Which is why it’s fascinating to me that this report is aimed at, and was commissioned in service of, the companies which use the NYT for their brand advertising. Brand advertising is important and powerful, but it’s not particularly social; not all brands can or should be fighting to become the rare Old Spice or Volkswagen with a viral ad campaign. And if you do have a viral ad campaign, you don’t really need or want it on nytimes.com. The press release, however, makes it clear that the findings are aimed very much at advertisers, as opposed to the editorial-technology people who would probably find it much more useful:

“The New York Times has invested heavily in social media across our organization, both in our own business and to create industry-leading integrated opportunities for our valued advertisers. As online sharing continues to grow as a tool for marketers, we saw an opportunity to add value to the conversation, by studying why people share online,” said Denise Warren, senior vice president and chief advertising officer, The New York Times Media Group, and general manager, NYTimes.com. “These findings are part of our ongoing commitment to help advertisers effectively reach and communicate with consumers through engaging, successful and creative campaigns.”

It seems to me that the NYT, here, is going along with the fiction that high-profile brand advertising in the NYT can and should be social. If that’s what the advertisers think they want, that’s what we’ll give them. But the smart advertisers will ignore all this — just as they ignored other useless distractions like click-through rates. We know that only idiots click on ads; what makes us think that people who not only click on ads but actively share them will be any smarter?
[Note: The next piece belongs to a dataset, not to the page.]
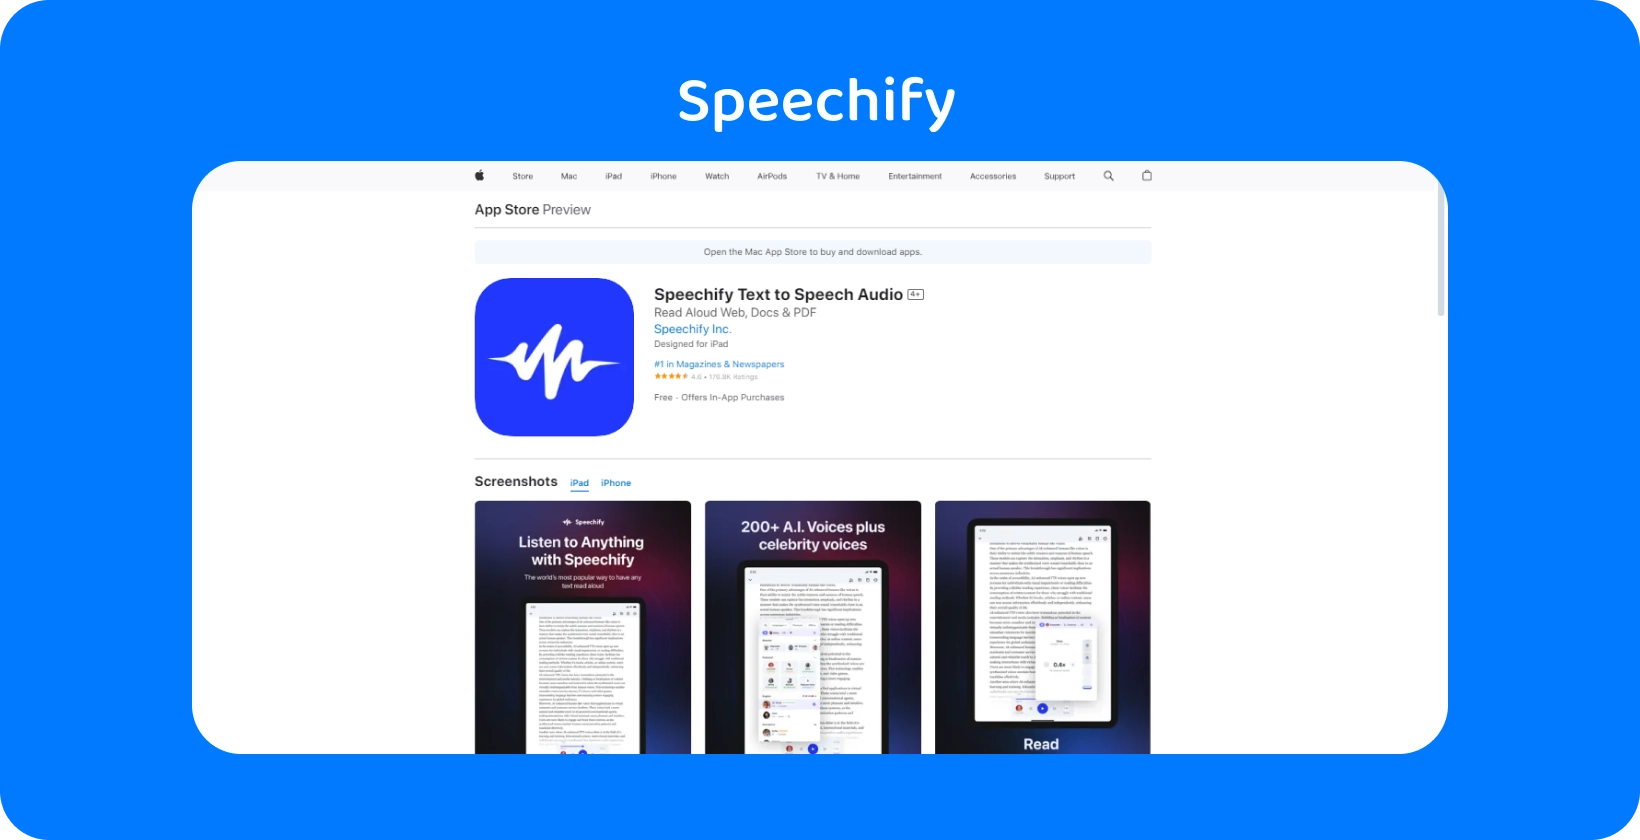 تطبيق Speechify في App Store ، يعرض ميزات لتحويل النص إلى كلام مع خيارات صوتية متنوعة.

Viral videos — the rather fabulous K-Swiss one being just the latest example — are all well and good. But high-end websites like nytimes.com are no place for viral videos, or for sharing tools embedded in ads. Those are a bit like the QR codes you see on posters: a sign of fad-following desperation and a good sign that the advertiser doesn’t have faith in the creatives they’ve hired. Brand advertising isn’t and shouldn’t be transactional. And I’m a bit worried that the NYT is enabling those who think it can be.